I went to Cleveland, Tenn., this week to watch my granddaughter dance in a national competition, and on the way back I decided to do a little sightseeing.

US Route 74 travels along the Oconee River for awhile, the site of three dams built in the 1930s by the Tennessee Valley Authority. The first one (the westernmost) is the biggest, so I stopped to look and take a couple of pictures.

Standing by the map of the TVA dams was an older man who was telling everyone how his father helped to build this and several other dams in the region. He pointed some of the dams out, describing the work his father had done.

“Got to the point he knew as much about building dams as anyone,” he said. “He was gone a lot, but we had food and a place to live.”

Building these dams and other projects, including the Blue Ridge Parkway, were a way to put people back to work during the Great Depression.

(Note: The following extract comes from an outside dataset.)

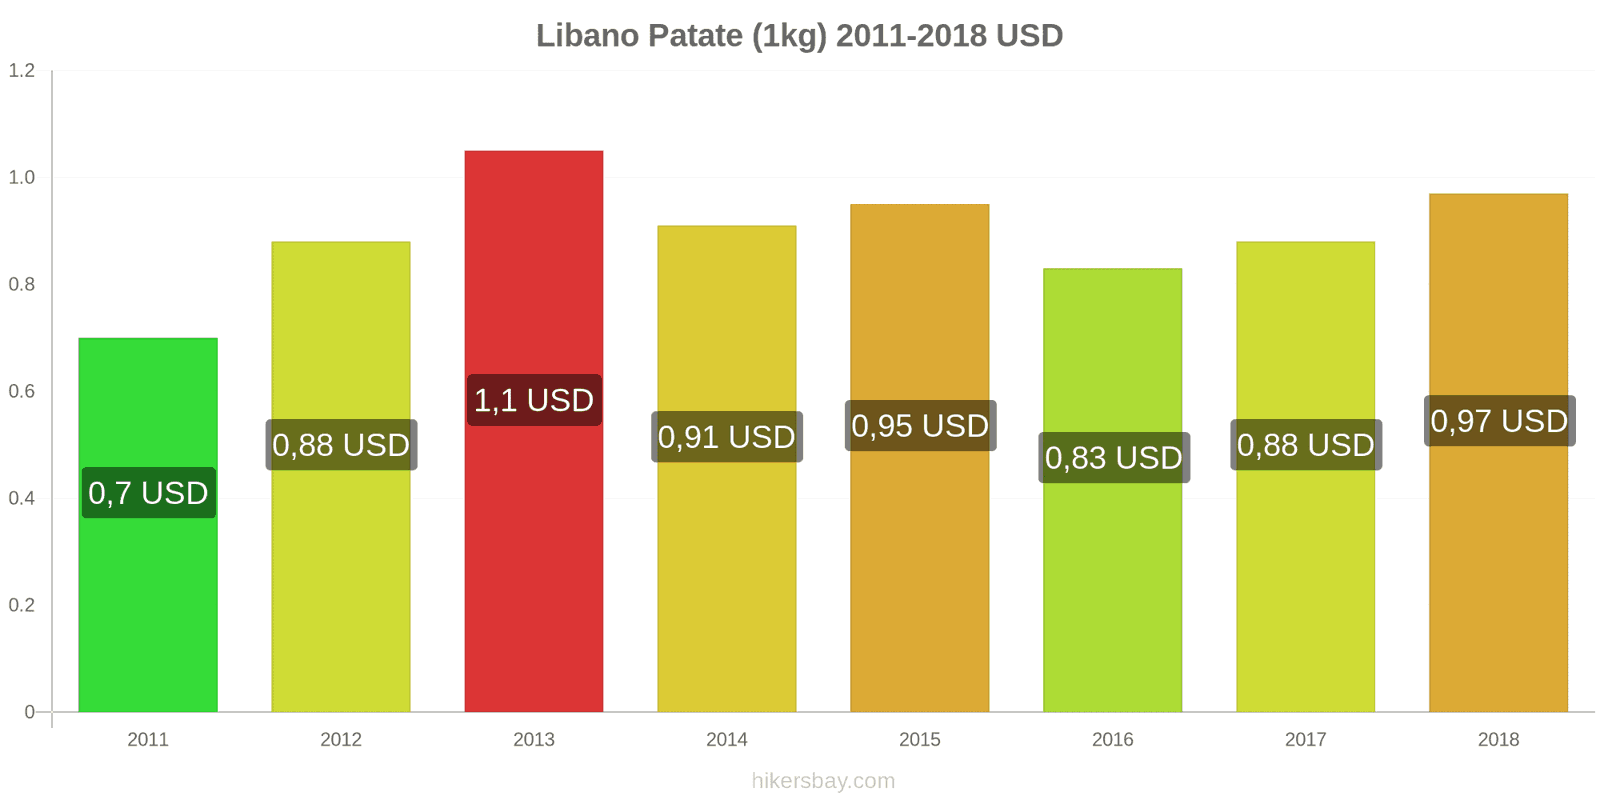 Libano cambi di prezzo Patate (1kg) hikersbay.com

The jobless rate now is approaching what it was then, if you count all the people who have been unemployed longer than 99 weeks and aren’t part of the statistics, plus the people who have had their hours cut back from 30 to 10 because they work part-time and have no bargaining rights. And let’s not forget the people who are working at menial jobs for $8 an hour because they can’t find anything in their field.

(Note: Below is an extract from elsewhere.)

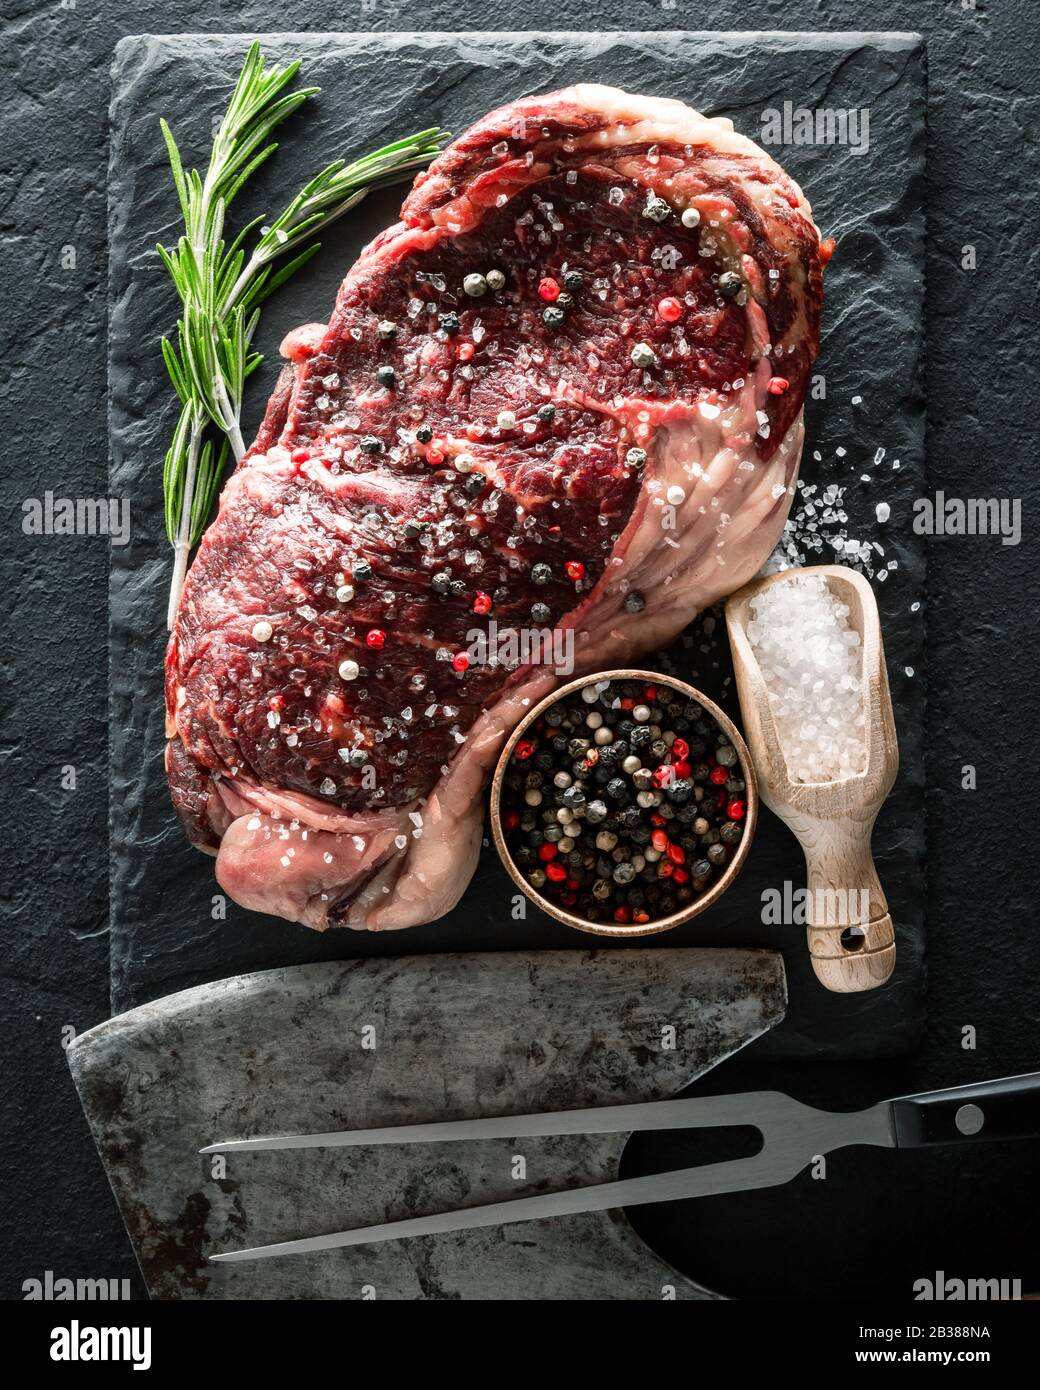 Le persillage Ribeye Steak sur plaque noire. Hacher la viande de boeuf Banque D'Images

Last week, Congress and the President made matters worse by codifying the Republican desire to withhold money and services from the people who need them instead of increasing taxes on people who can well afford to pay.

There will be no TVA for this job crisis, no Works Progress Administration, Blue Ridge Parkway or schools construction. The current Congress believes it’s better to squeeze the poor and let our nation’s infrastructure crumble, our electrical grid disintegrate and our people starve.

If we don’t care that people are losing their homes at an alarming rate and that children are going to bed hungry, then we ought to care about national security. How can we as a nation compete in a global market when our roads and bridges are unsafe and our electrical grid antiquated? Our children’s education is lacking and it’s getting worse as budgets are cut at the local, state and national levels.

Once upon a time, we cared that people were out of work and that we needed a better power grid and roads. We spent money on those things and built a great nation that could compete and even excell on every level. We trained engineers and laborers and we built roads, dams and electrical lines. These jobs weren’t just busy-work, they were important, and much of the word done during the 1930s stands today as a testament to the power of government to make people’s lives better.

It’s awe-inspiring to look at the Oconee 1 Dam and know that families were housed and fed because of the honest work its construction provided.

Today, the richest Americans hoard their wealth and ignore the needs of working people as the nation crumbles around them.